SciBot curators review these annotations and use tags to mark which are valid. When some aren’t, and need attention, the highlight focuses that attention on a specific occurrence.

This hybrid of automatic entity recognition and interactive human curation is really powerful. Here’s an example where an antibody doesn’t have an RRID but should.

Every automatic workflow needs human exception handling and error correction. Here the curator has marked an RRID that wasn’t written into the literature, but now is present in the annotation layer.

These corrections are now available to train a next-gen entity recognizer. Iterating through that kind of feedback loop will be a powerful way to mine the implicit data that’s woven into the scientific literature and make it explicit.

Here’s the Hypothesis dashboard for one of the SciBot curators. The tag cloud gives you a pretty good sense of how this process has been unfolding so far.

Publishers have begun to link RRIDs to the NIF registry. Here’s an example at PubMed.

If you follow the ZIRC_ZL1 link to the registry, you’ll find a list of other papers whose authors used the same experimental ingredient, which happens to be a particular strain of zebrafish.

This is the main purpose of RRIDs.

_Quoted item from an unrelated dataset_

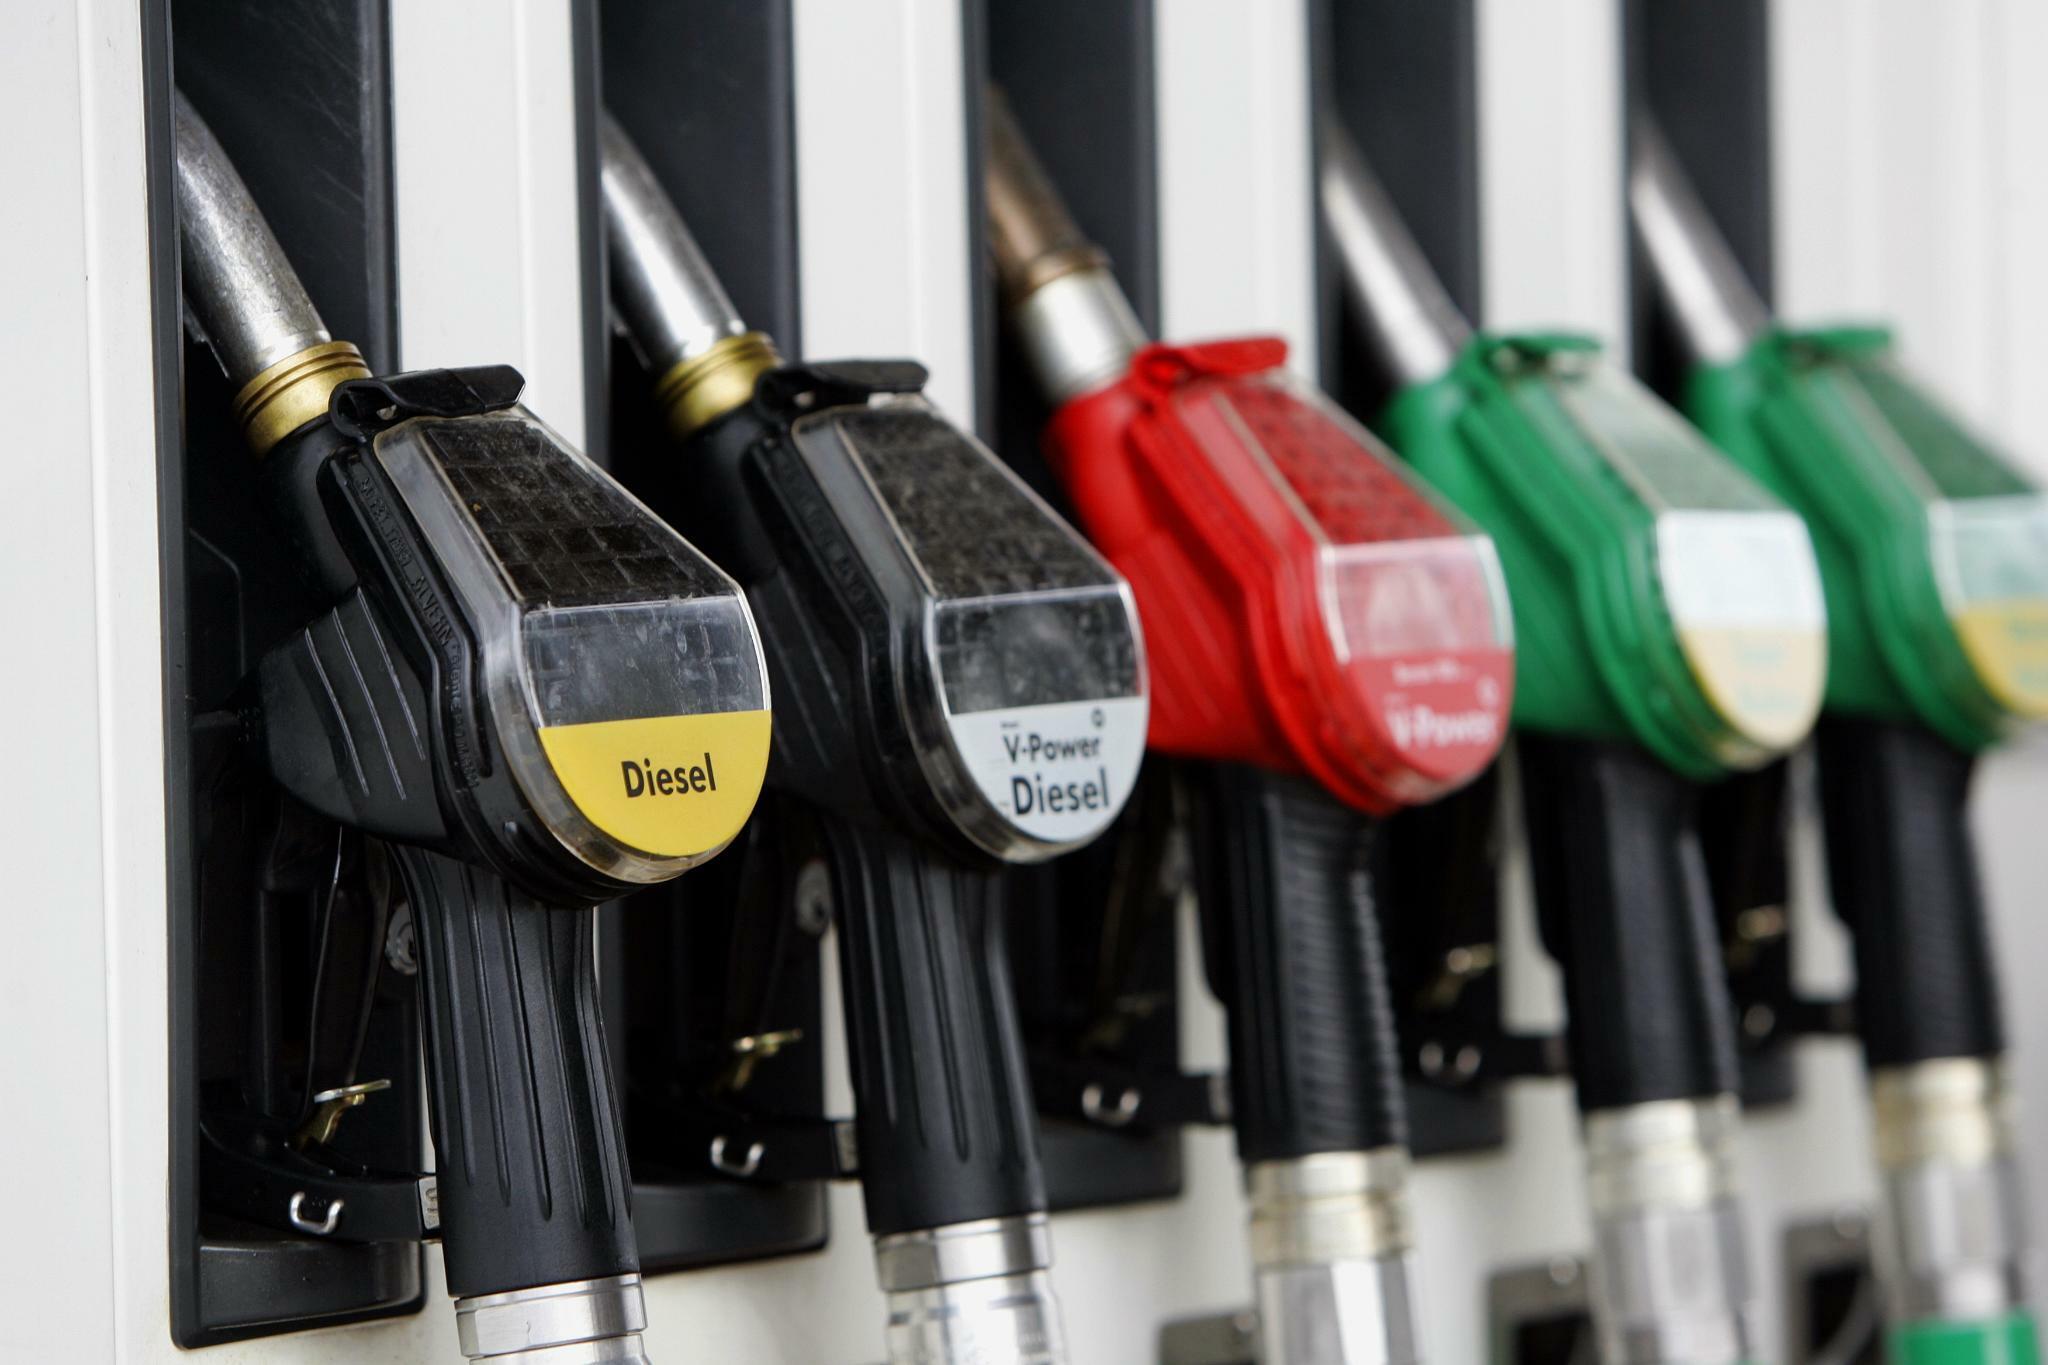 Ölreserven: Bund macht Millionen-Gewinne mit Notverkauf

If that zebrafish is part of my experiment, I want to find who else has used it, and what their experiences have been — not just what they reported in their papers, but ideally also what’s been discussed in the annotation layer.

Of course I can visit those papers, and search within them for ZIRC_ZLI, but with annotations we can do better. In DigiPo we saw how footnoted quotes from source documents can transclude into an article. Publishers could do the same here.

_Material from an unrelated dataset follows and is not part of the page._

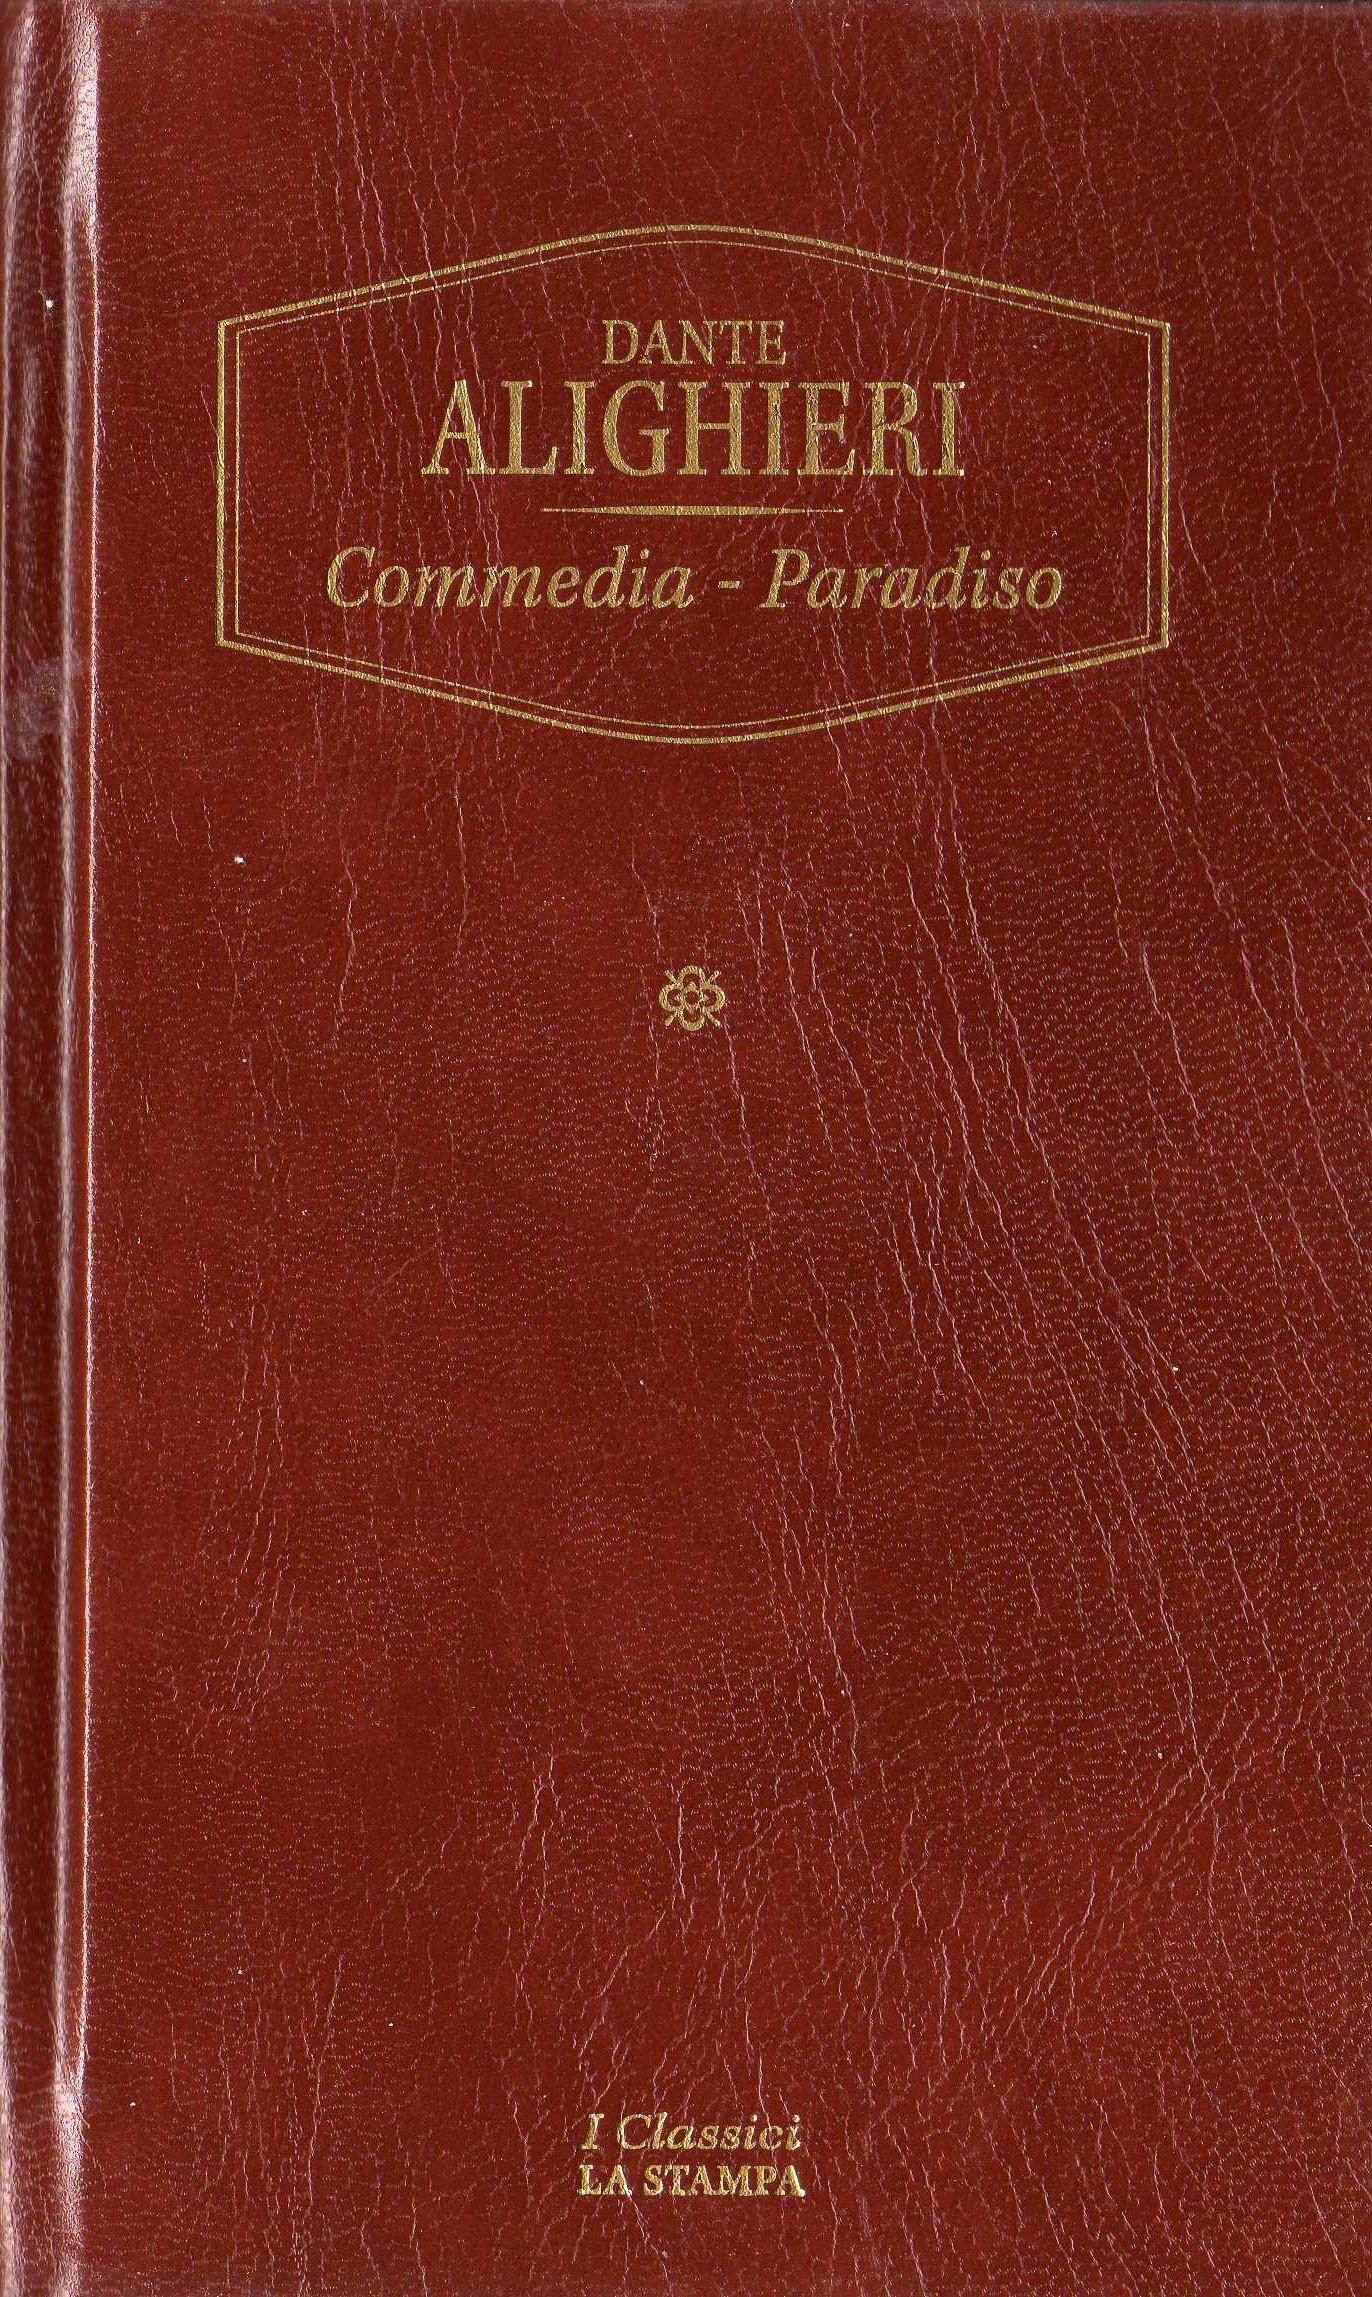 Commedia - Paradiso

Or we could do this. It’s a little tool that offers to look up an RRID selected in text.

It just links to an instance of the Hypothesis dashboard that’s pinned to the tag for that RRID.

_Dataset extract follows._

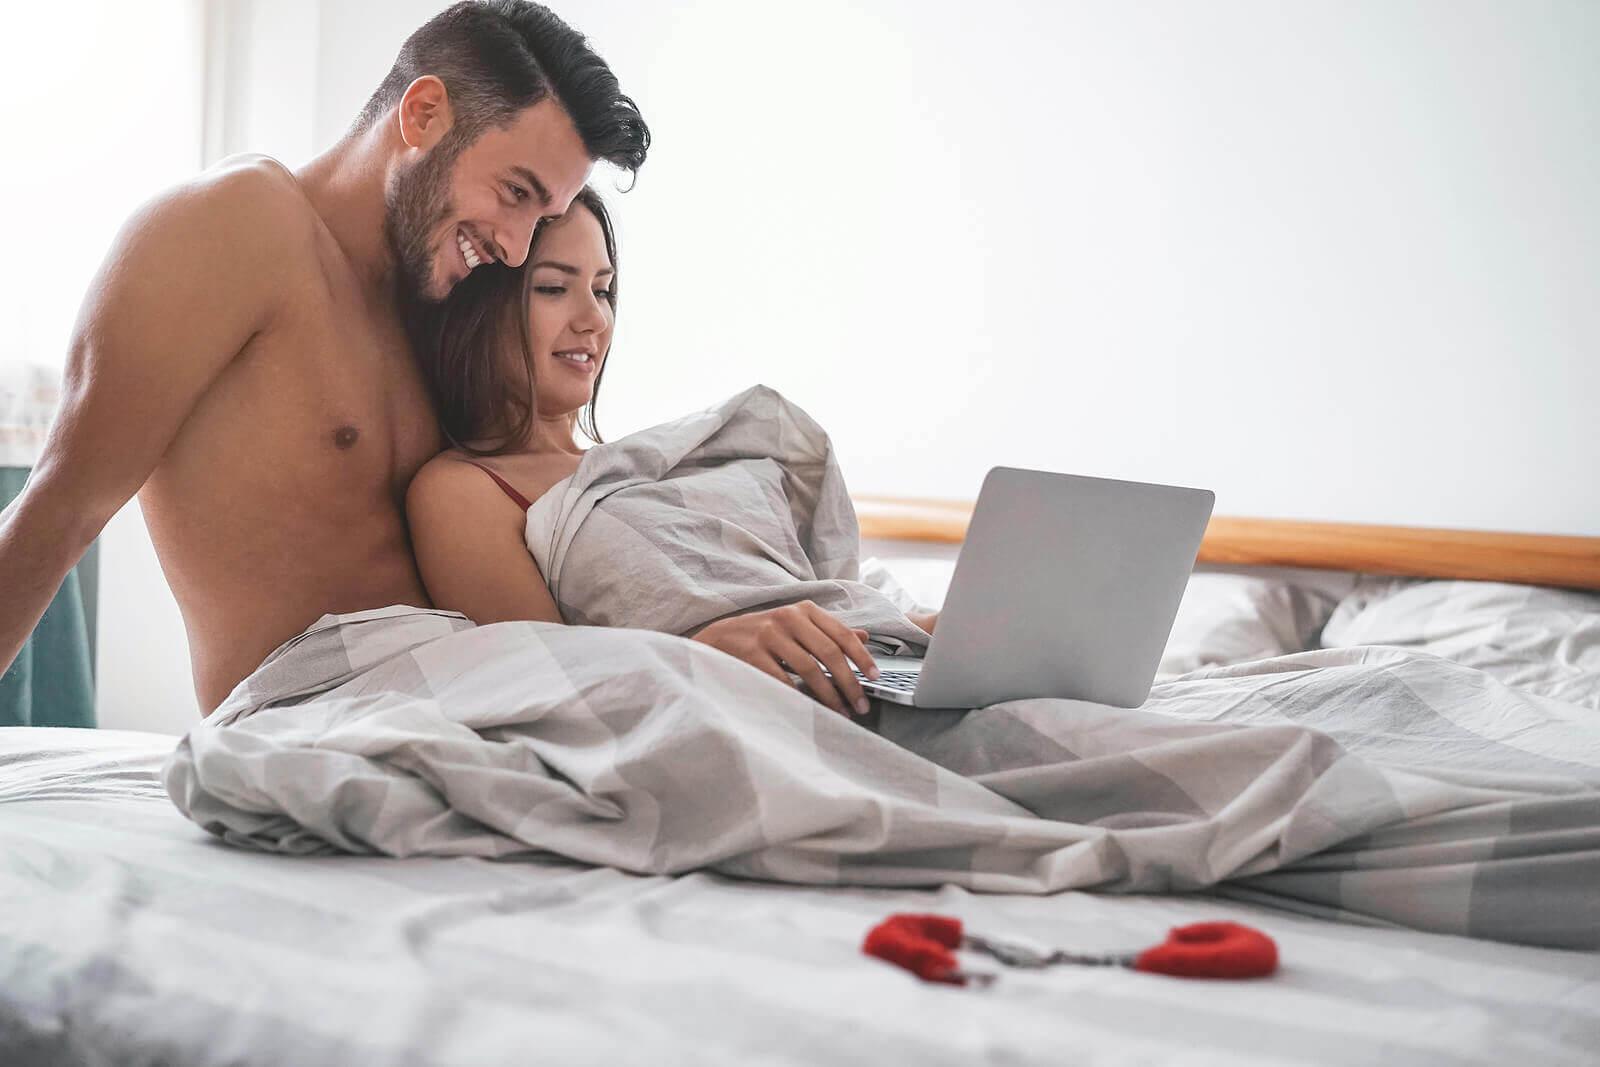 Conheça as 18 fantasias sexuais mais comuns

Those search results offer direct links that take you to each occurrence in context.

Claim Chart

Finally, and to bring us full circle, I recently reconnected with Andrew Schulman who works nowadays as a software patent attorney. There’s a tool of his trade called a claim chart. It’s a two-column table. In column one you list claims that a patent is making, which are selections of text from the claims section of the patent. And in column two you assemble bits of evidence, gathered from other sources, that bear on specific claims. Those bits of evidence are selections of text in other documents. It’s tedious to build a claim chart, it involves a lot of copying and pasting, and the evidence you gather is typically trapped in whatever document you create.

Andrew wondered if an annotation-powered app could help build claim charts, and also make the supporting evidence web-addressable for all the reasons we’ve discussed. If I’ve learned anything about annotation, it’s that when somebody asks “Can you do X with annotation?” the answer should always be: “I don’t know, should be possible, let’s find out.”

So, here’s an annotation-powered claim chart.

The daggers at top left in each cell are direct links. The ones in the first column go to patent claims in context.

The ones in the second column go to related statements in other documents.

And here’s how the columns are related. When you annotate a claim, you use a toolkit function called Add Selection as Claim.

Your selection here identifies the target document (that is, the patent), the claim chart you’re building (here, it’s a wiki page called andrew_test), and the claim itself (for example, claim 1).

Once you’ve identified the claims in this way, they’re available as targets of annotations in other documents. From a selection in another document, you use Add Selection as Claim-Related.

Here you see all the claims you’ve marked up, so it’s easy to connect the two statements.

The last time I read Vannevar Bush’s famous essay As We May Think, this was the quote that stuck with me.

When statements in documents become addressable resources on the web, we can weave them together in the way Vannevar Bush imagined.